My Personal AI policy

I know some people are eager to throw the baby out with the bathwater when it comes to AI. And there are others who are just dying to see it take over the world (and maybe replace our incompetent politicians?)

I’m more about using AI as a tool, and I’ve used it several times for world-building. I haven’t used it for my book covers because it actually took longer to get an image just right than my current method.

Then I heard about the developers feeding the AI copyrighted images (bad move) and decided on a personal AI policy.

That was a month ago.

With all the work I had to do with my last short, I hadn’t had time to make one out and now that it’s published, here we are.

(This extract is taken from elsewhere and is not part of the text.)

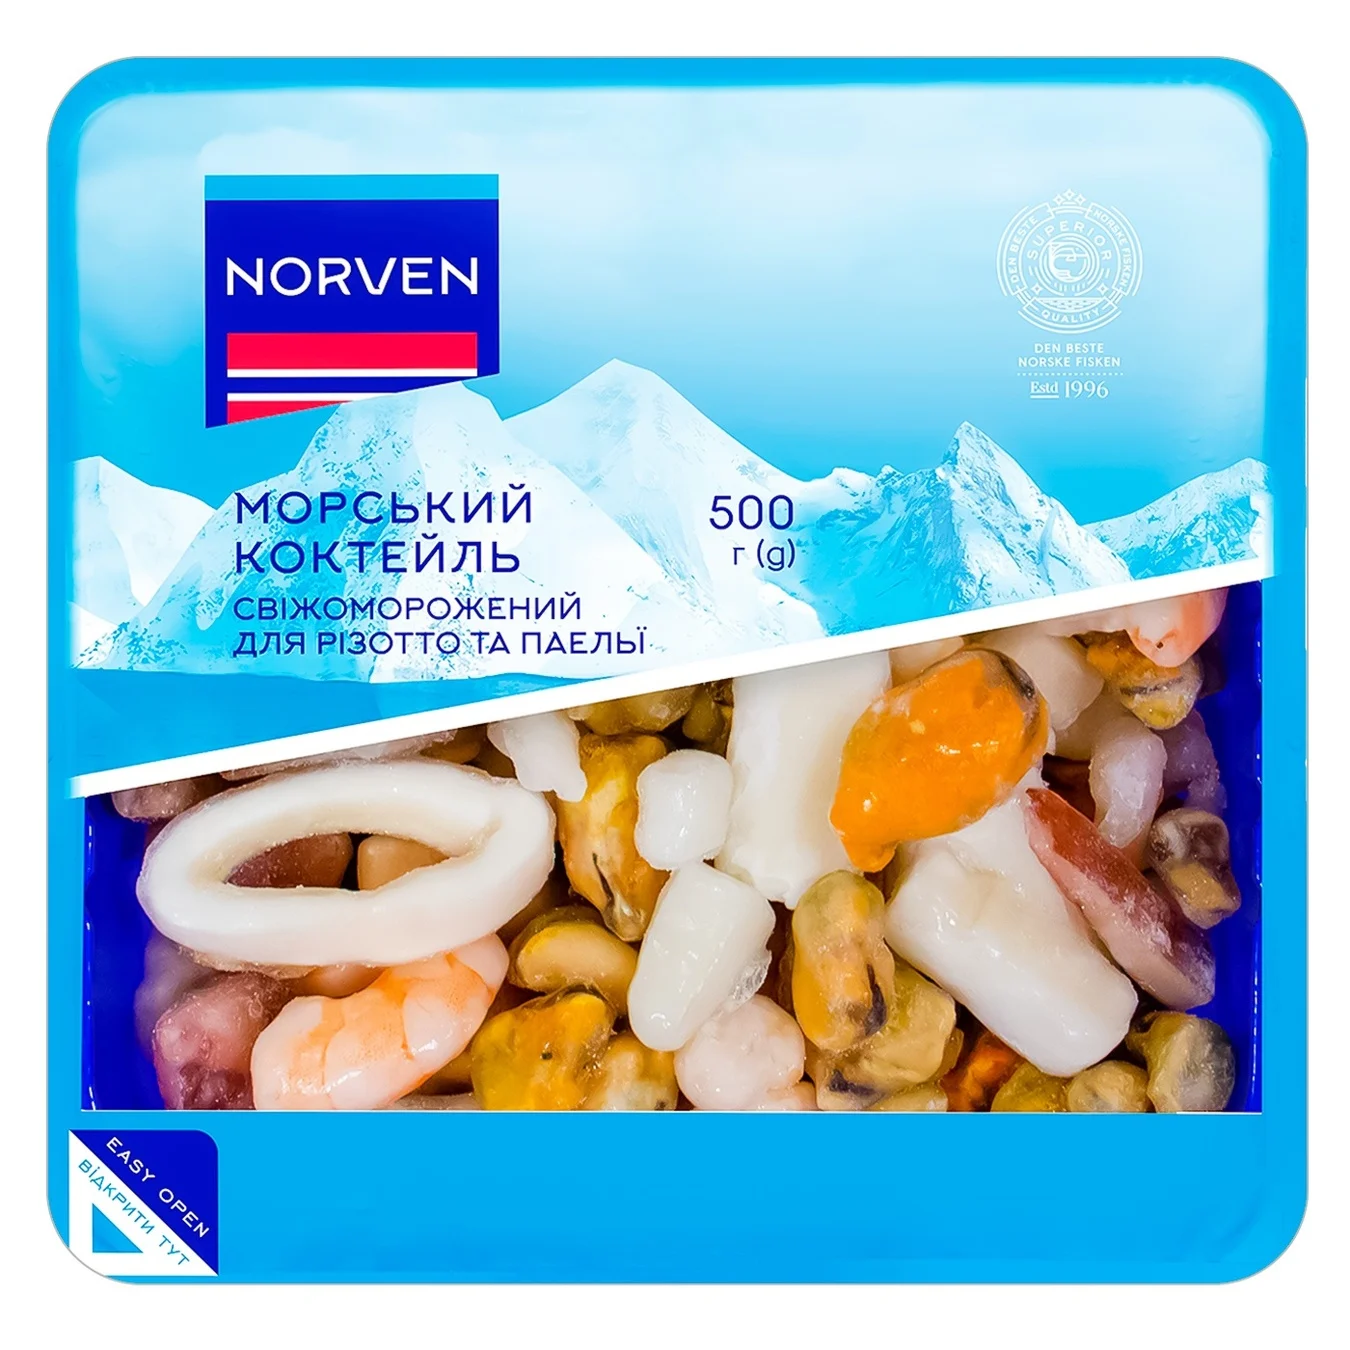 Sea cocktail Norven for risotto and paella fresh frozen 500g

  1. No published work on Amazon will have any AI generated anything, unless you count ProWritingAid. This is where the lines get blurred, which is why I don’t understand the all-or-nothing stance against it. If you use a computer or use social media, you are using a form of passive AI that’s been around for ages. Doubly so if you use any form of a grammar editor (Microsoft Word, OpenOffice, Grammarly, ProWritingAid, etc). I can get more into that another day.
  2. If I use AI images for any blog post, it will either have a watermark or I will put the origin in the caption.
  3. If I use AI for text, it will be in a quote format attributed to the original site or a screenshot and the attribution in the image or the Caption
  4. If I use AI in social media, I will also say the origin in the post.

Like everything online, social norms will develop. That is until the fearmonger have their way.

prompt: A bunch of crabs in a pot pulling each other down
Via https://labs.openai.com/ (a.k.a. DALL-E)

How is it possible that we aren’t all still using horse and buggies?